My journey struggling for liberation with Indigenous Peoples began in the rainforest of Suriname. In this context, I struggled alongside multiple tribes facing removal, disease, and death. Their traditional homelands contain wealth: gold, bauxite, biodiversity, and other assets, and that wealth the powerful covet. Beneficiaries create laws and policies that ease resource exploration and extraction, while the original caretakers of the earth hold no rights. This is also my story, and the story of my ancestors.

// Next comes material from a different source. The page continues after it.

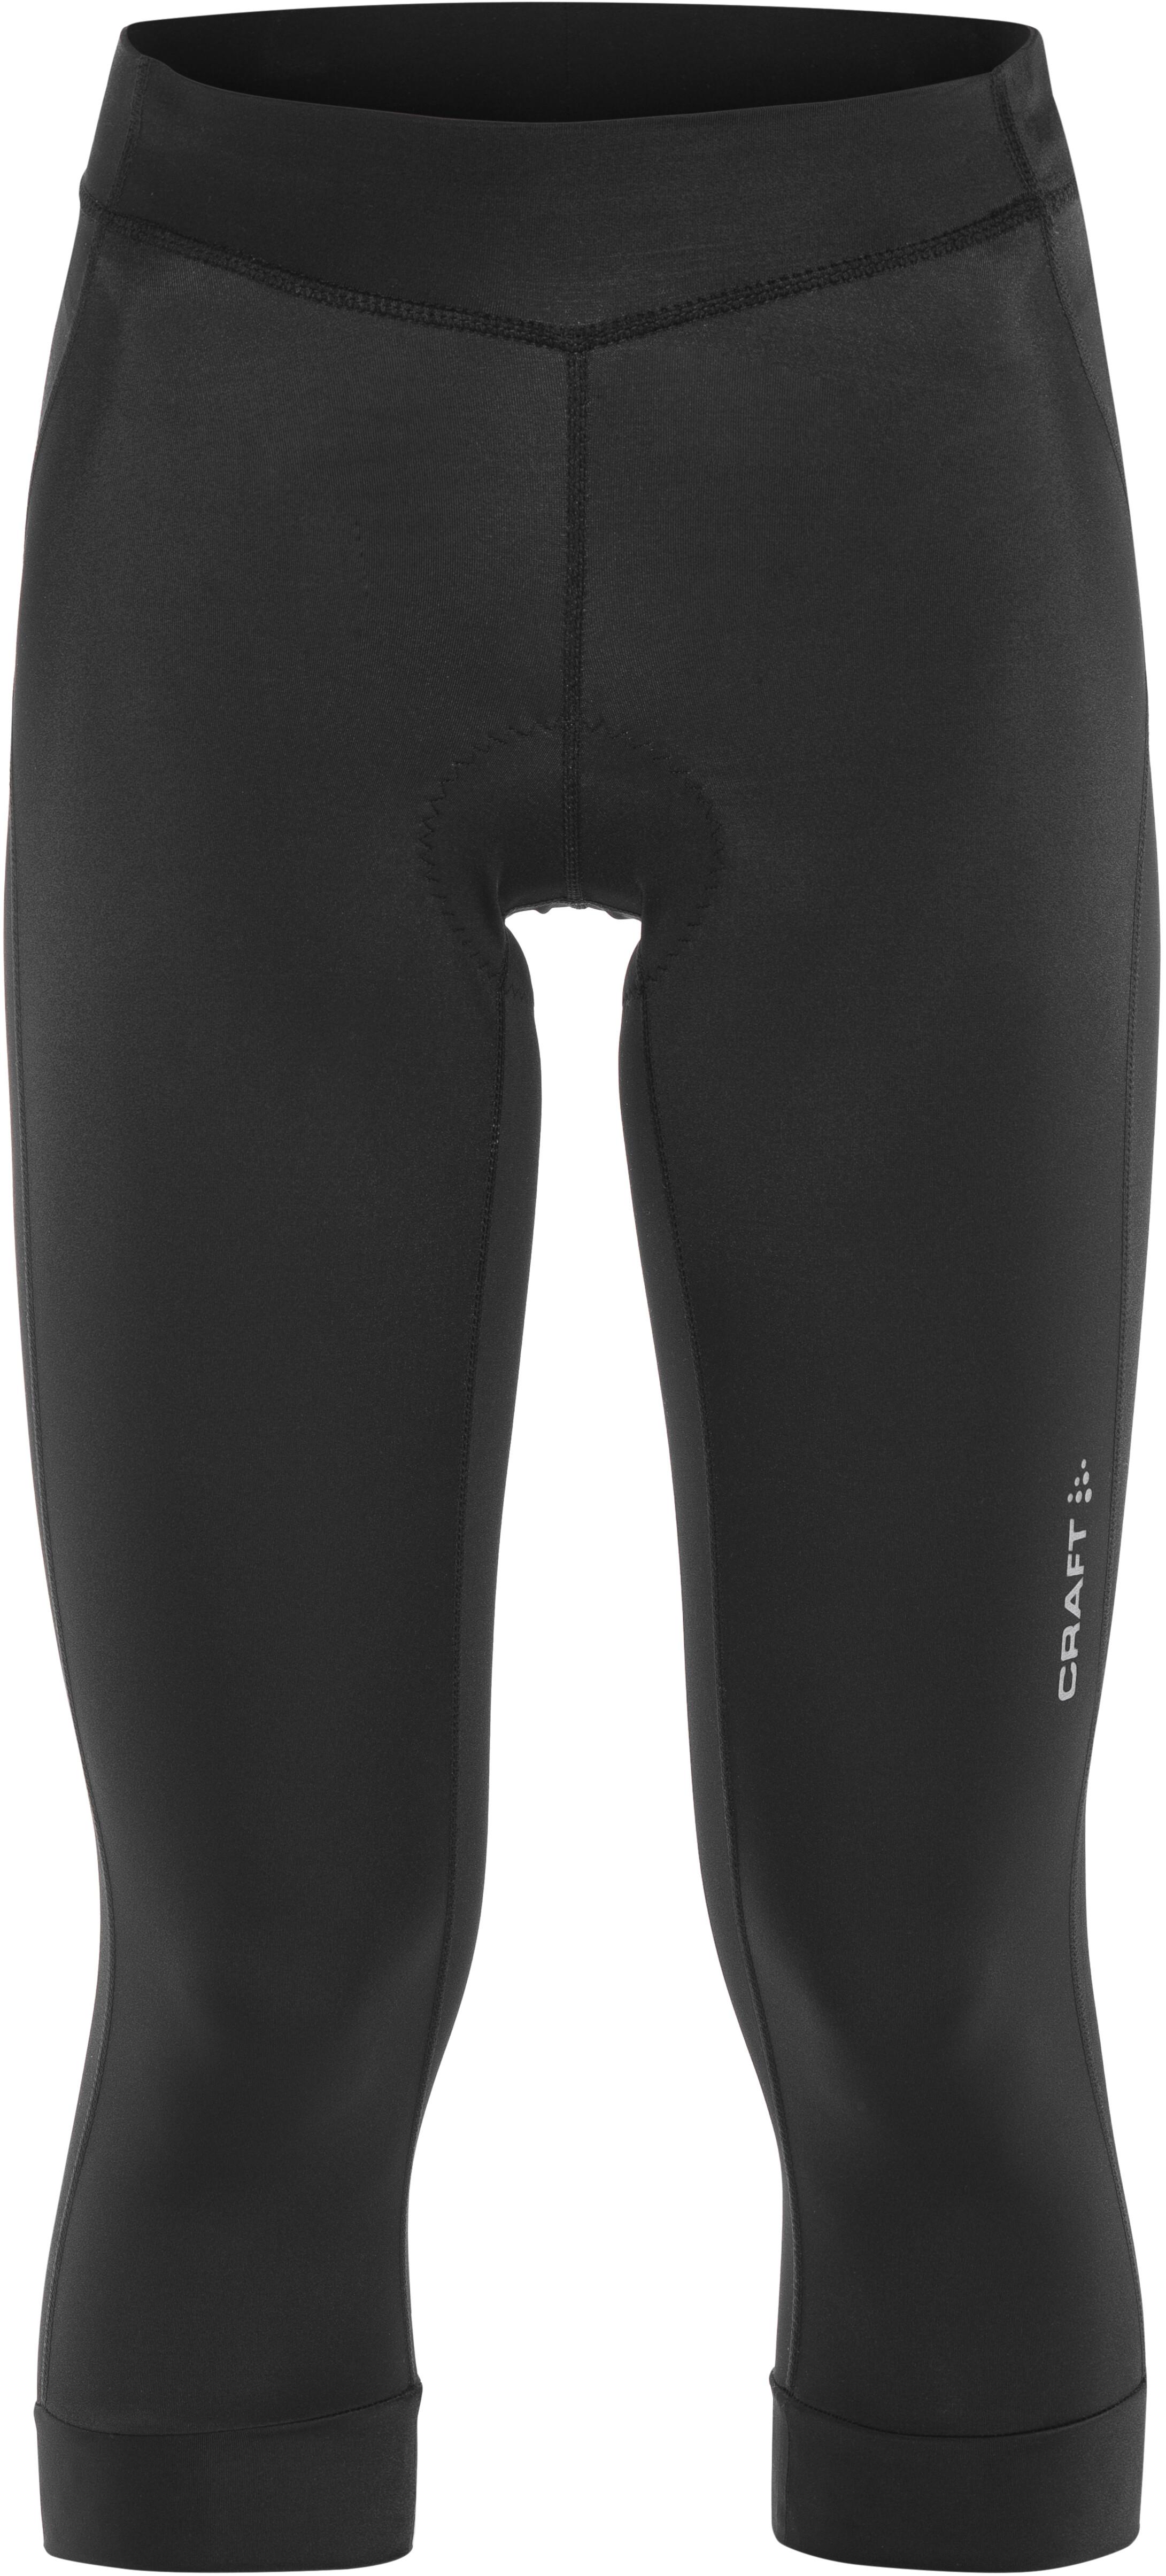 6f807f54 Craft Rise Sykkelbukse Dame black | Gode tilbud hos bikester.no

Organizing within the World Council of Churches from 2011-2014 afforded me the opportunity to hear, collaborate and conspire with Indigenous peoples around the globe. Christians from the Dominant culture I met while speaking across Europe and the United States often responded that the Doctrine of Discovery is “abstract” and “difficult to unpack.”  By contrast, Indigenous and vulnerable peoples in the global south as well as in Europe and North America understood it immediately. Every story shared with me was another version of my own – removal from homelands; militarization and pollution of traditional territories; demonization of traditional language, culture, and spirituality. Every people I met was a people in crisis, many on the verge of extinction. Some had been resisting and surviving colonial forces for centuries; others were newly encountering colonization due to oil and mineral prospecting. But consistently, the stories shared with me were the same. Indigenous Peoples I collaborate with today are committed land and water protectors, while they simultaneously face structural and military violence, segregation, institutional racism, disease, and even death.

I established the Dismantling the Doctrine of Discovery Coalition, together with Sheri Hostetler and Anita Amstutz, to join the life and death struggle for climate justice and human rights, together with Indigenous Peoples and all of creation. The book “The Land is not Empty” is my attempt to sound a call to the church.

The responses of TJ Smith, Tina Schlabach, Wes Howard Brook, and Randy Woodley move me.  These leaders of my beloved church have each taken the time to participate in this forum, and what I have heard from each of them is a call for action.

TJ Smith recognizes the ongoing legacy of the Doctrine of Discovery not as a historical story requiring lament, but as a paradigm that actively dictates reality for Indigenous Peoples today. He notes that only 4-5% of First Nations people participate in the church, stating, “Why would we want to enter into a church that has taken away our culture, language, traditions and much more from our people.”  In sharing from his own story, he calls for healing for First Nations. He also calls his denomination to live out repudiation. He asks, “will you stand with us and name the land your church is on? Will you take a stand for MMIW? Will you take a look at where your money is invested and move it if it damages or devastates the lands around the World where our sisters and brothers’ lives and lifestyles are being taken from them as it was taken from us?”  Smith’s call to the church is for solidarity with Indigenous Peoples that is not symbolic.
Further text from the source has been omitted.